As submitted by Carol and Rick Cloutier for Epicurious.com’s Favorite Mother’s Day Recipe Contest.
This is a surprisingly-light version of breakfast hash but is more of a hearty soup than a skillet dish. The first time I fed this to my Mother as a “breakfast-in-bed” surprise on Mother’s Day, she begged for seconds.
Makes 4 servings; can be doubled.

  • 2 tablespoons olive oil

  • 3 cloves garlic

  • 6 small red potatoes

  • ½ pound smoked link sausage (1 link)

  • ½ pound smoked ham

  • 2 cups beef bouillon

  • ½ teaspoon red pepper

  • 1 tablespoon thyme

  • 4 eggs

  • 4 slices of ciabatta bread

  • Heat oil in large skillet on medium-low heat. Peel and chop the garlic and add to the pan. Sauté about 2 minutes. Chop the potatoes into quarters and add to the garlic. Turn up the heat to medium and cook the potatoes and garlic for about 5 minutes.

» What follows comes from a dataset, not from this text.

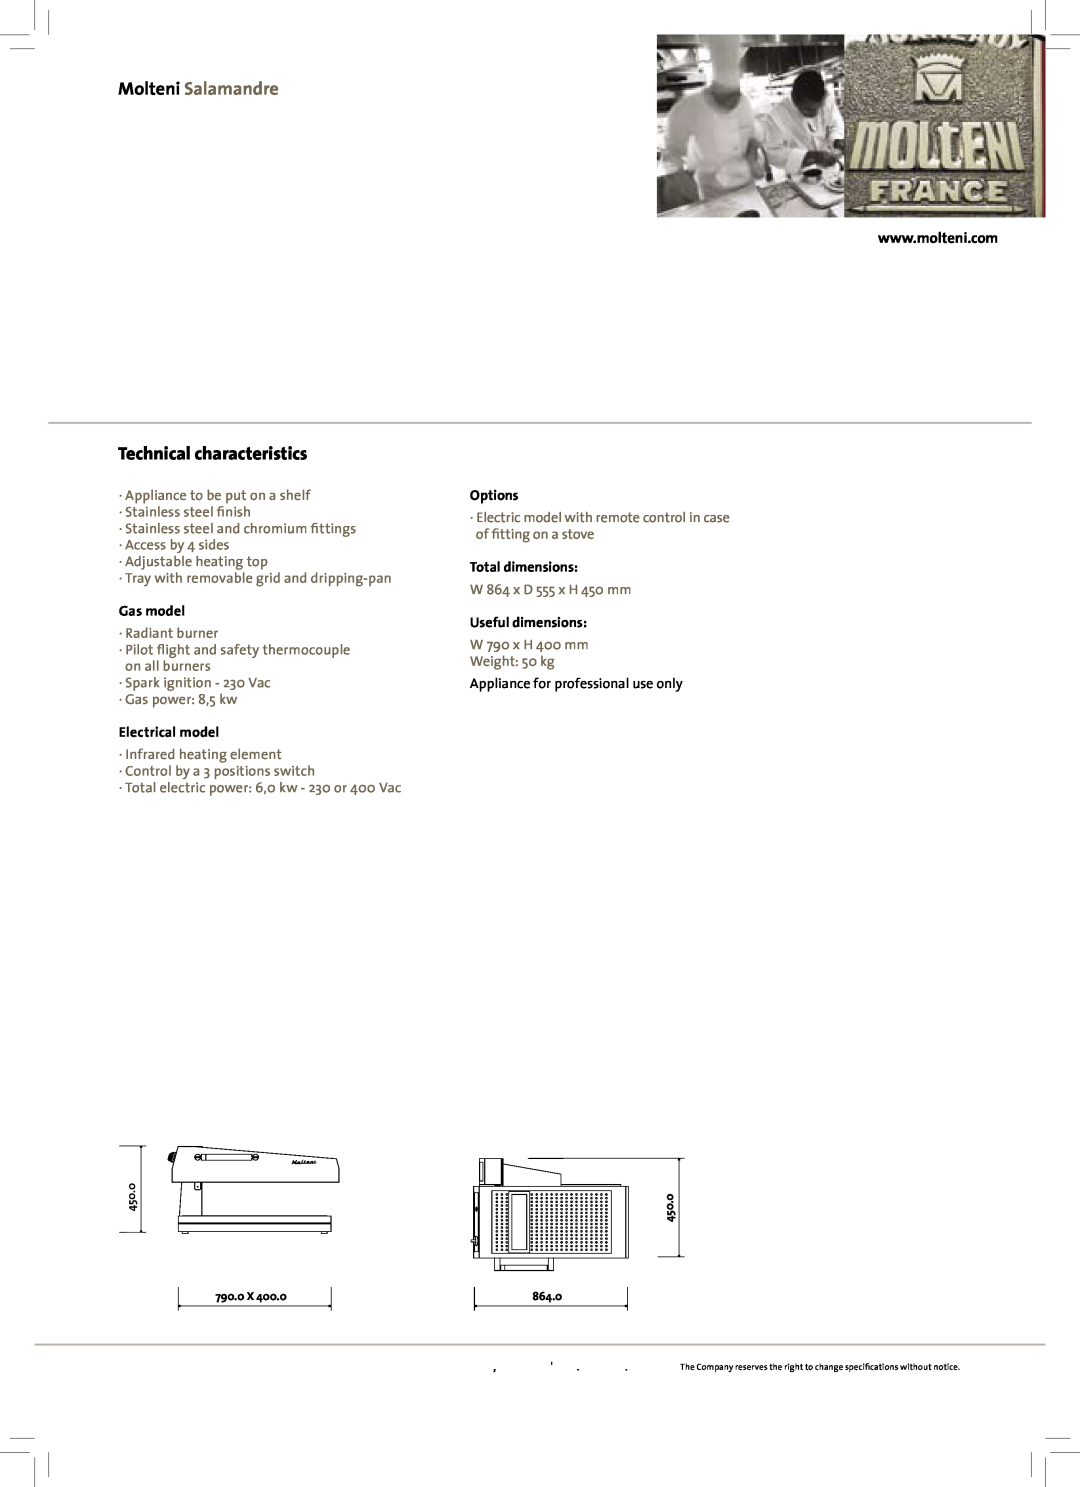 Molteni manual Molteni Salamandre, Technical characteristics, Gas model, Electrical model, Options, Total dimensions 
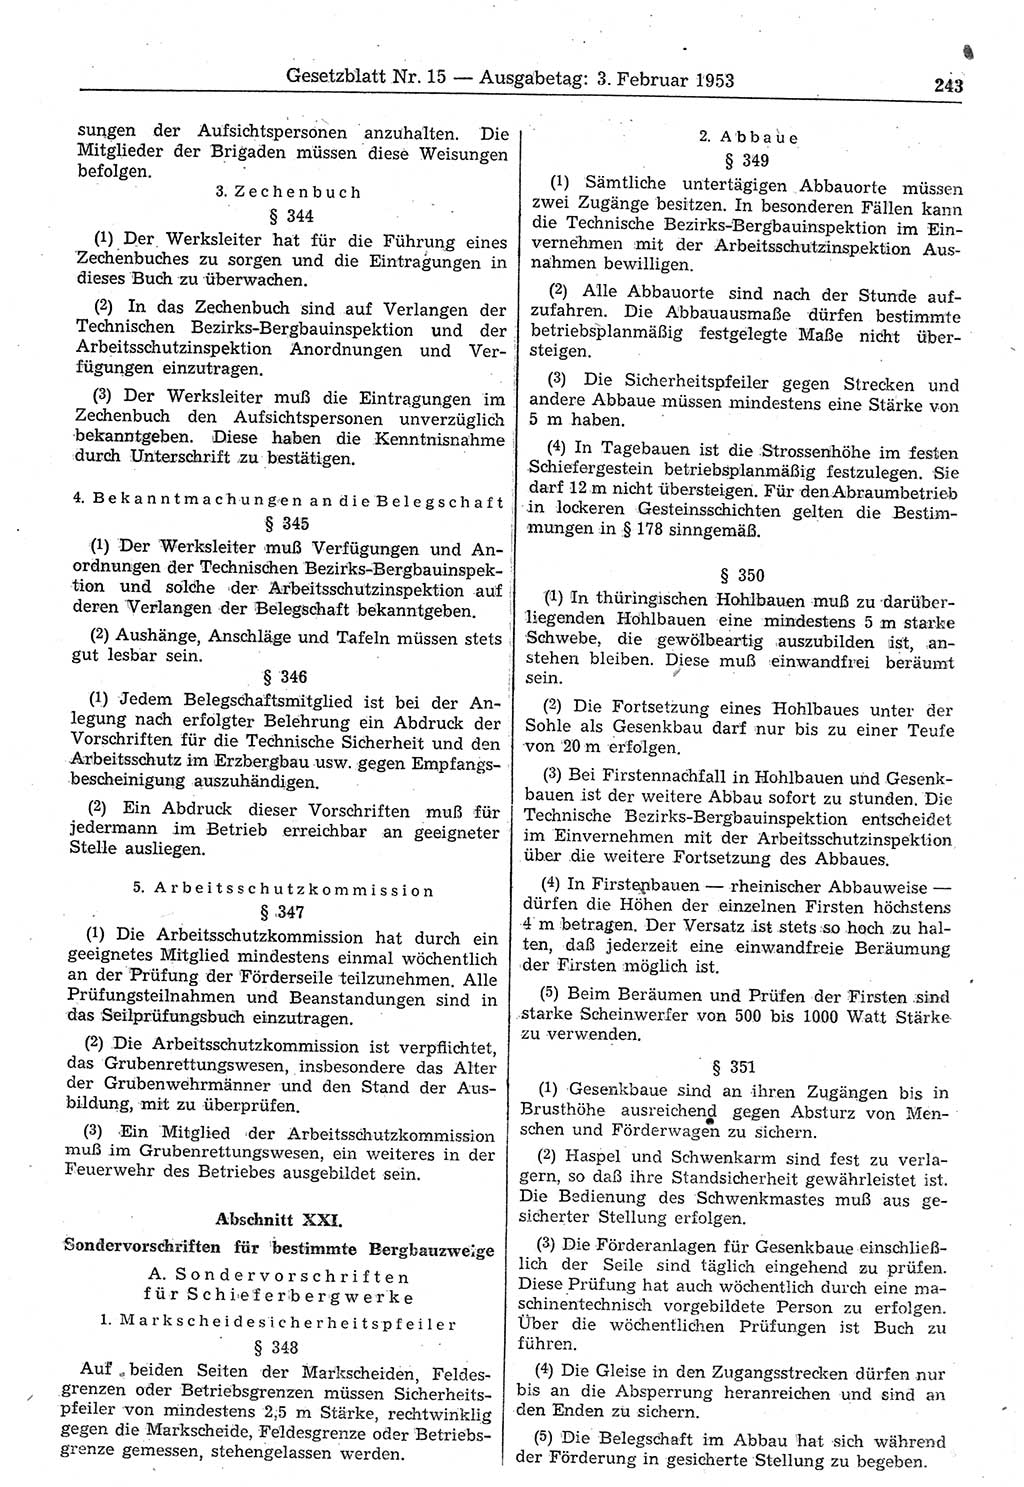 Gesetzblatt (GBl.) der Deutschen Demokratischen Republik (DDR) 1953, Seite 243 (GBl. DDR 1953, S. 243)

  • Chop the sausage and ham and add to skillet. Cook another 5 minutes. Pour in the boullion and season with red pepper and thyme. Allow the broth mixture to simmer about 5 minutes. Carefully crack the eggs into the broth mixture and cover. The eggs will poach in the liquid in about 3 to 4 minutes.

  • Meanwhile, toast the bread.

  • To serve, remove the poached eggs with a slotted spoon and place each egg on a piece of toast. Spoon the stew mixture into soup bowls and top with each with the egg on the toast.